The method according to claim 11, wherein the client and the server are located in different devices, and the communication between the client and the server is implemented using a network protocol.

A method for executing an application program, the method is applied to a client in a GPU node in which GPU hardware is deployed, the method comprising: In response to detecting that the application program is started to execute, obtain the first version information of the application program interface specified in the dynamic link library required for the execution of the application program; Sending an API command execution request to the server in the GPU node, the API command execution request including the first version information, so as to perform API adaptation processing and application execution on the server processing; and receiving an execution result of an API command from the server, Wherein, the application program interface adaptation process is performed according to the first version information and the second version information of the application program interface based on the application program interface adaptation rule, and the application program execution process is performed using the adapted The processed API is used to access the at least one GPU hardware to execute the API instructions, and the second version information is in the driver of the at least one GPU hardware installed on the server Version information for the API.

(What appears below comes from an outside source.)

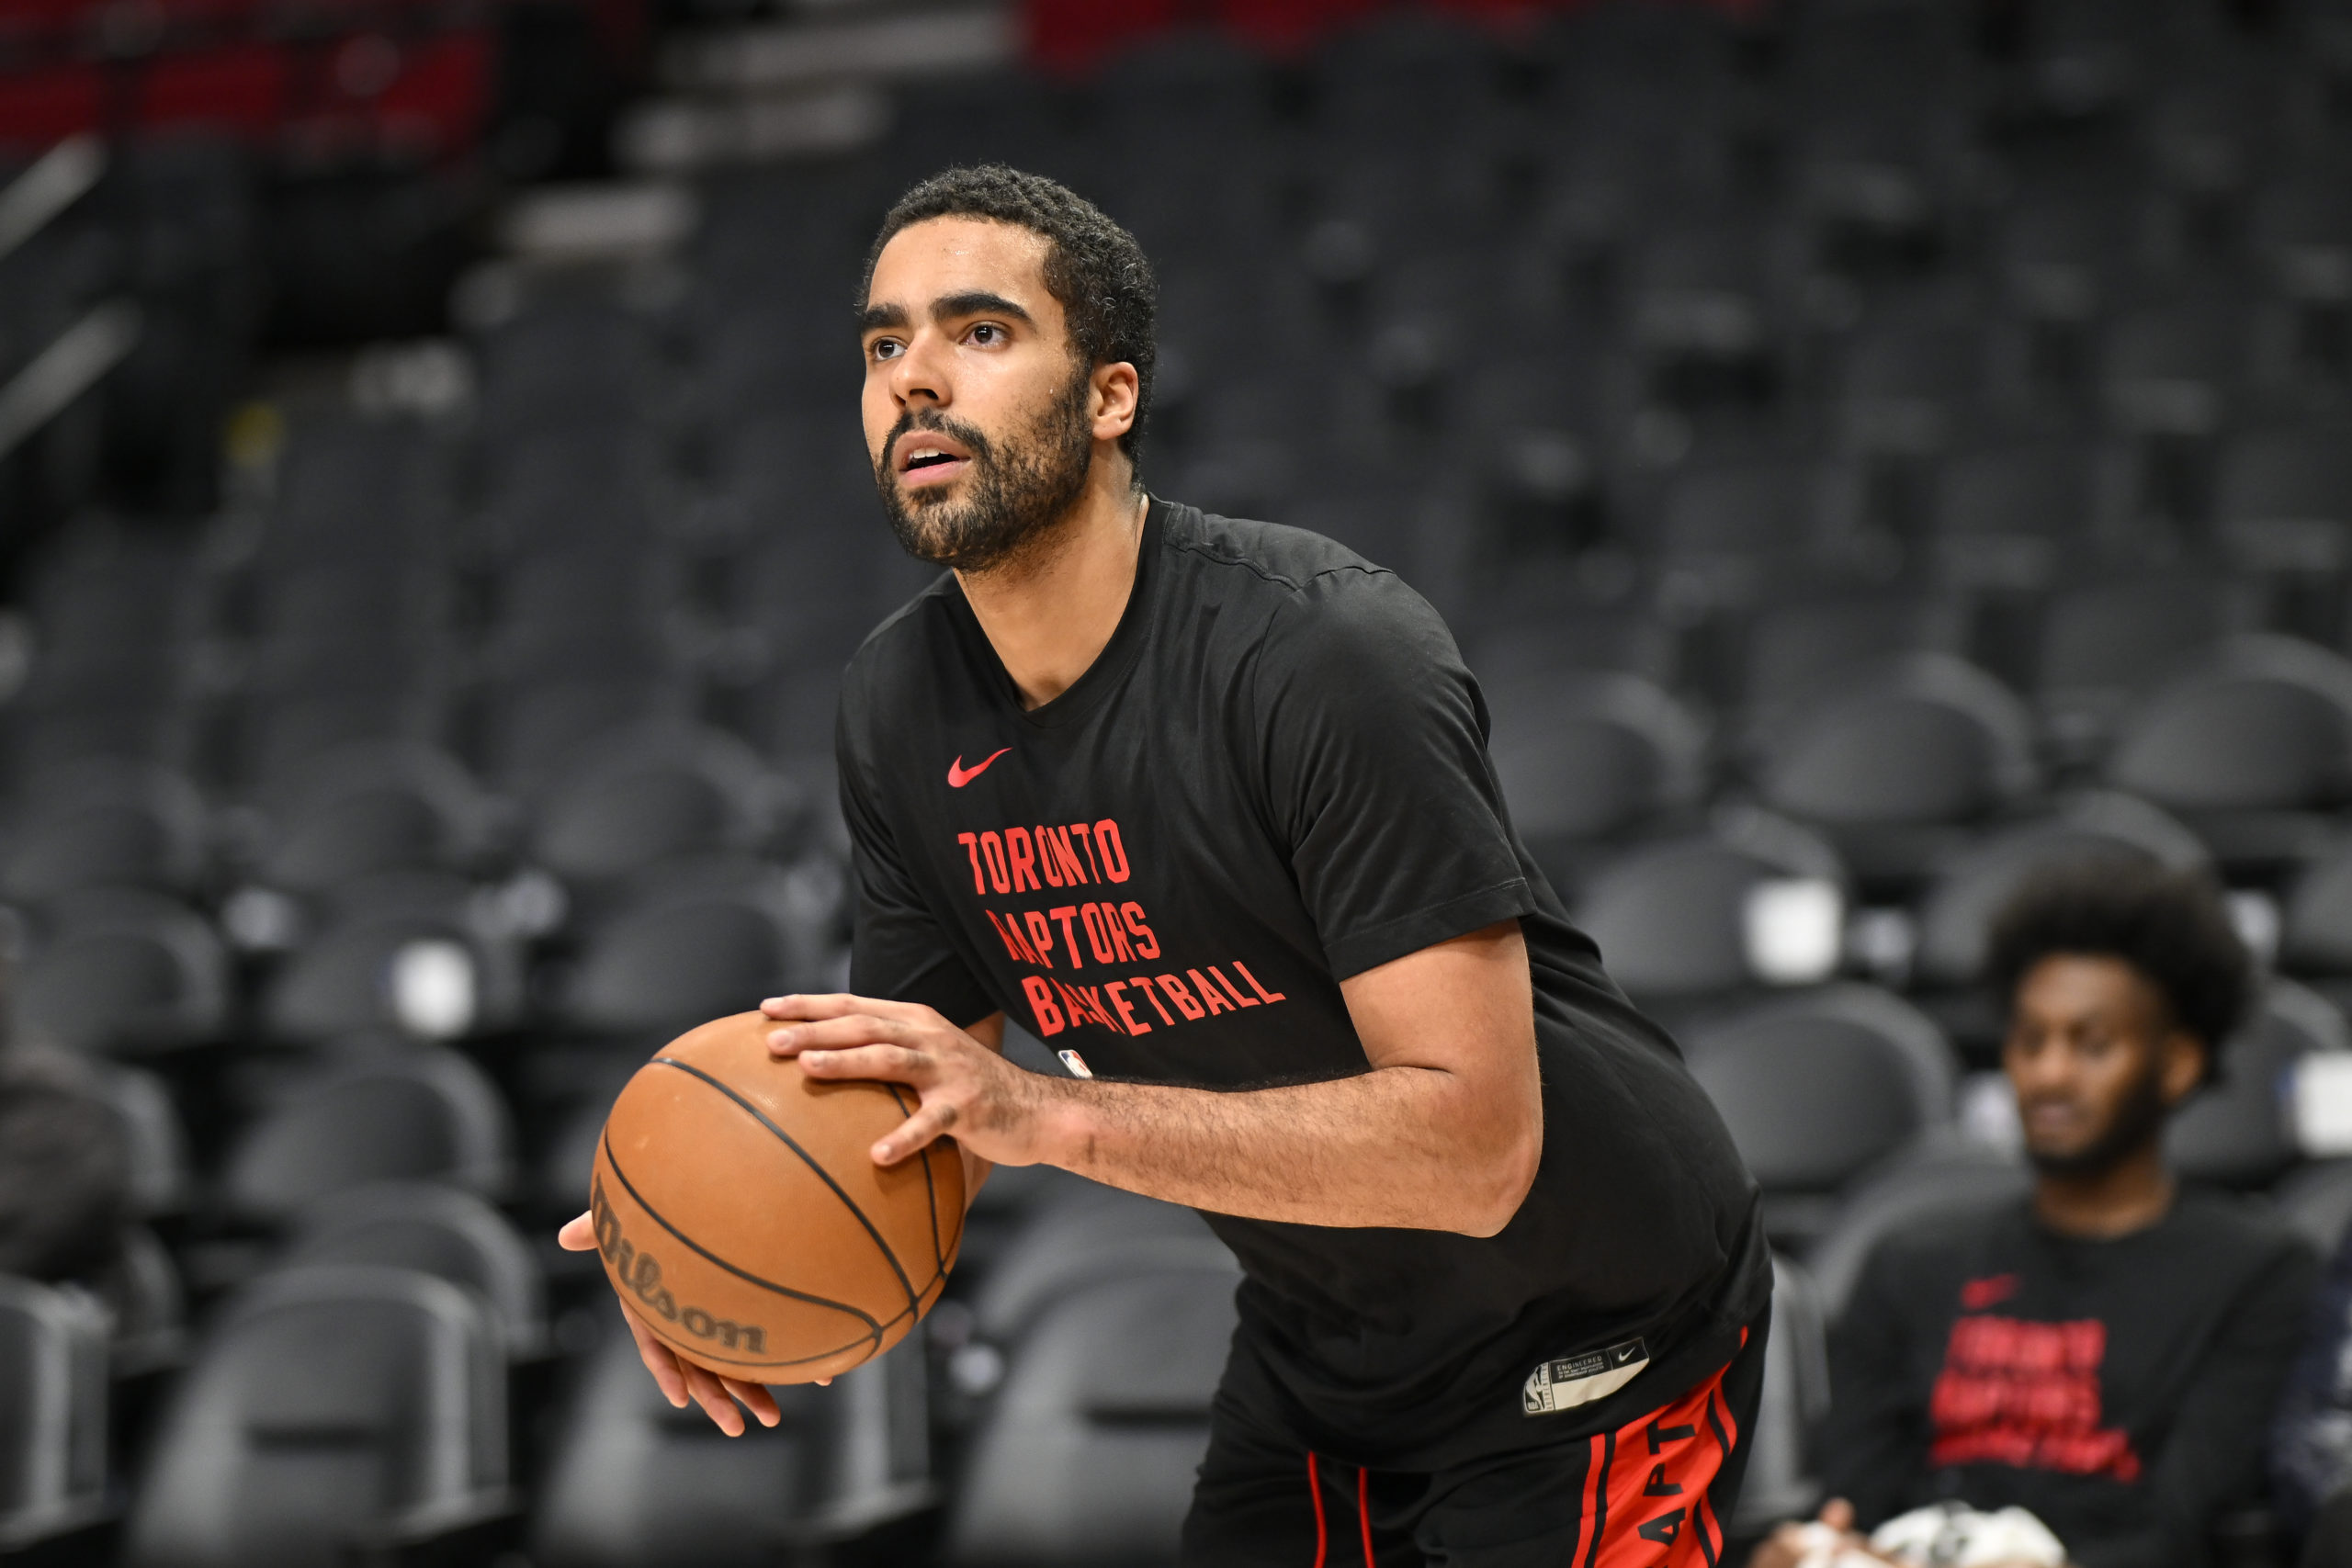 PORTLAND, OREGON - MARCH 09: Jontay Porter #34 of the Toronto Raptors warms up before the game against the Portland Trail Blazers at the Moda Center on March 09, 2024 in Portland, Oregon. NOTE TO USER: User expressly acknowledges and agrees that, by downloading and or using this photograph, User is consenting to the terms and conditions of the Getty Images License Agreement. (Photo by Alika Jenner/Getty Images)
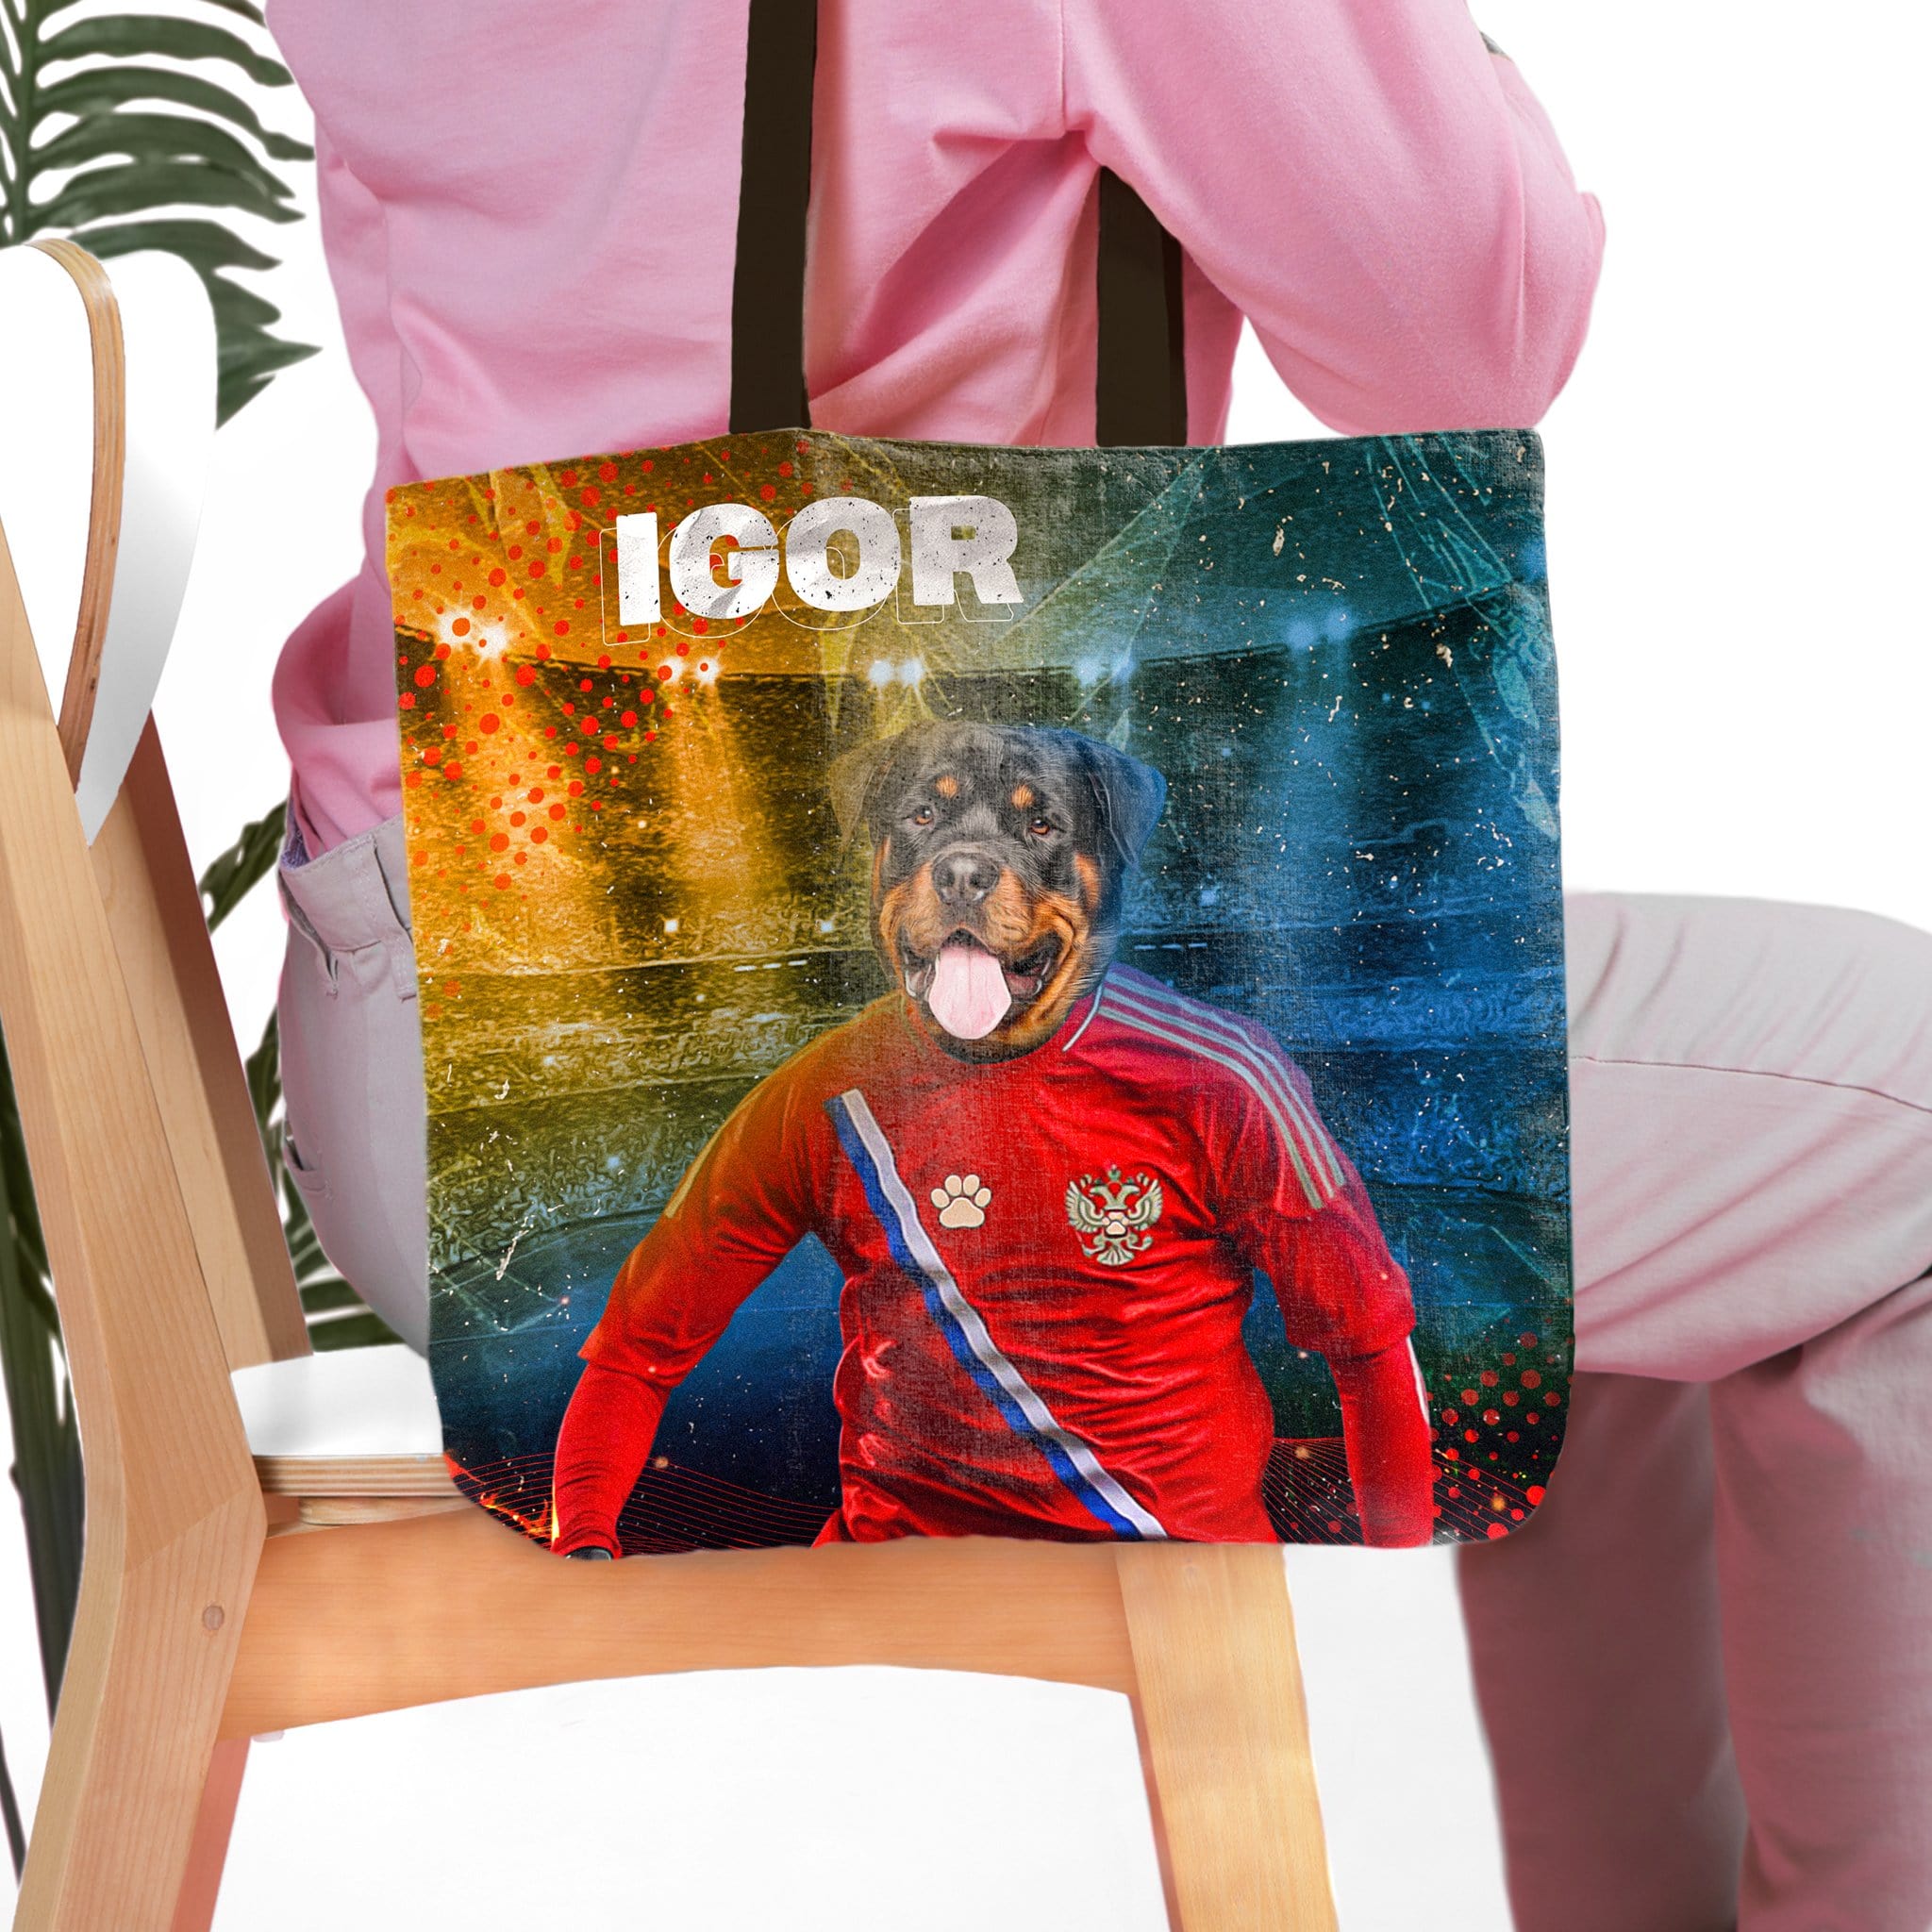 'Russia Doggos Soccer' Personalized Tote Bag

A computing device comprising: one or more processors, and storage coupled to the one or more processors, the storage stores instructions that, when executed by the one or more processors, cause the one or more processors to perform as requested The method of any one of 11 to 14.

A machine-readable storage medium storing executable instructions that, when executed, cause the machine to perform the method of any of claims 11-14.

A computing device comprising: one or more processors, and storage coupled to the one or more processors, the storage stores instructions that, when executed by the one or more processors, cause the one or more processors to perform as requested 15 of the method.

A machine-readable storage medium storing executable instructions that, when executed, cause the machine to perform the method of claim 15.